The flame had disappeared back inside the keyhole, but smoke was beginning to curl out, and I could hear the metal bubbling in the door’s locking mechanism. The man had his walkie-talkie in hand, ready for action, while his other hand gripped his holstered pistol.
The thing with stealth potions was they made you inconspicuous more than invisible. Once a person knew where to look, the gig was up.
Aiming my cane at the runner along the floor, I whispered, “Vigore.”
The force shoved the rug into a small hillock, which the man met with his next step. He stumbled and went down swearing. Another devotee hurried over to help him. I used the distraction to open the door, slip inside the library, and seal the door with a locking spell.
Outside, I could hear one of them saying, “I knew this was a tripping hazard waiting to happen.”
The lights were out in the library. I listened into the darkness before casting up a crackling ball. As its illumination spread, I shouldn’t have been as surprised as I was to see that the library had become a temple. Gone were the bookcases and taxidermy mounts. In their places stood rows of wooden pews and a large altar that featured the same crisscross of scythes on the flag, only these were dripping.
Yeah, that seems normal.
My ears rang with the ominous silence as I peered around to orient myself. If the NYPD were here, they were likely covering the outside of the building. The same wouldn’t be true of the shifter.

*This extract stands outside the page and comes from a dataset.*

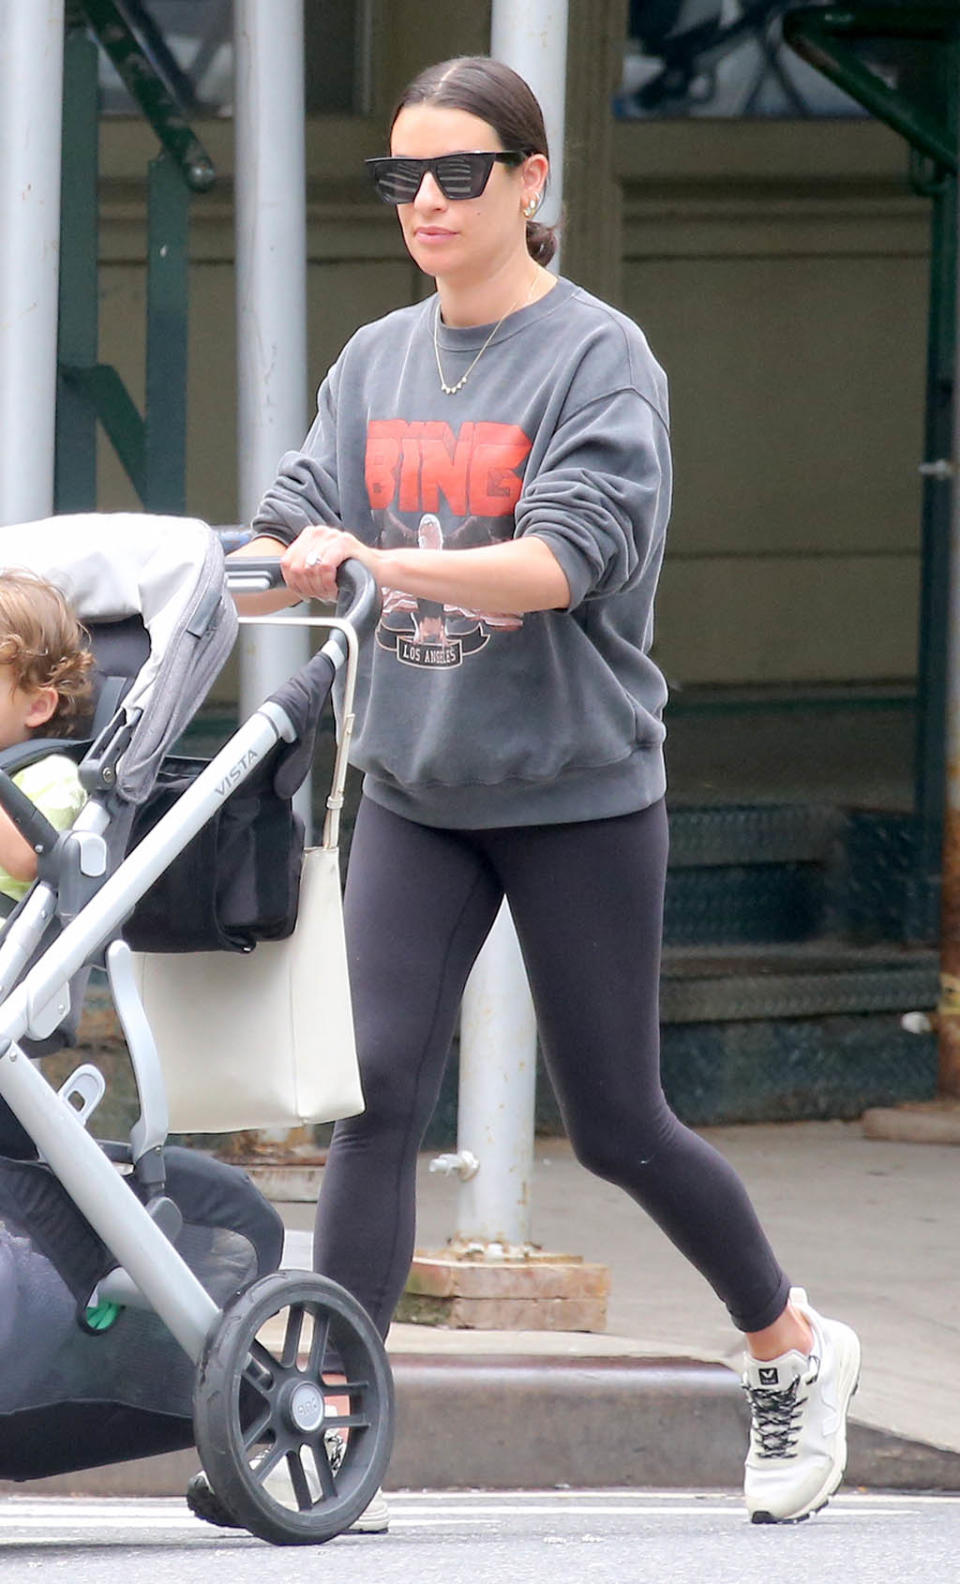 Lea Michele takes a stroll with her son in Tribeca, New York City on June 23, 2022. - Credit: AbacaPress / SplashNews.com

I sheathed my cane through my belt and pulled the sawed-off shotgun from its holster. I’d been carrying it under my coat for so long, it felt strange to have nothing banging my ribs. The hunting spell led me across the temple, toward a door I recognized as the storage room with stairs to the basement.
I tested the door and found it barred solidly from the inside. From beyond and below, I caught a faint sound. A cry was tailing off into sobs that made both my arms break out in gooseflesh.
Ludvig’s still alive.
Though my pulse quickened, stealth remained the name of the game. Using a weak force invocation like an echo locator, I sent it under the door and into the space beyond. The lock was a bar dropped into a pair of brackets.
Behind me, the door to the temple shook violently. Two shots sounded. My locking spell fractured, sending the energy rushing back into me. Heart banging, I snuffed out the ball of light just as the door flew open.
A quasi military force stormed inside, covering the room with their rifles. Night vision oculars glinted as they spread apart, barrels panning back and forth. Sup Squad? I sidestepped toward the altar, fishing for another stealth potion. The time factor coupled with my casting had burned through enough of the first dose for its effects to begin thinning. If I didn’t conceal myself, it would only be a matter of time before—
“Freeze!” one of them barked.
The massive armored man rushed toward me, two members flanking him, while the remaining six continued searching the temple for accomplices. I summoned a form-fitting shield even though it would serve little better than cardboard against their high-powered rifles—or this guy’s bulky fists, for that matter.
He stopped ten feet in front of me, rifle angled down at my forehead. “Drop your weapons!”
I knelt carefully, placed my shotgun and cane on the ground, and knee-walked back from them, arms raised.
“Hands on your head!” he shouted, looming over me.
One of the flanking men lunged in and swept the gun and cane aside with a booted foot. The other began patting me down, but when he discovered how loaded my coat was, he pulled the entire thing off before searching my pants. When he finished, he zip-tied my hands behind my back.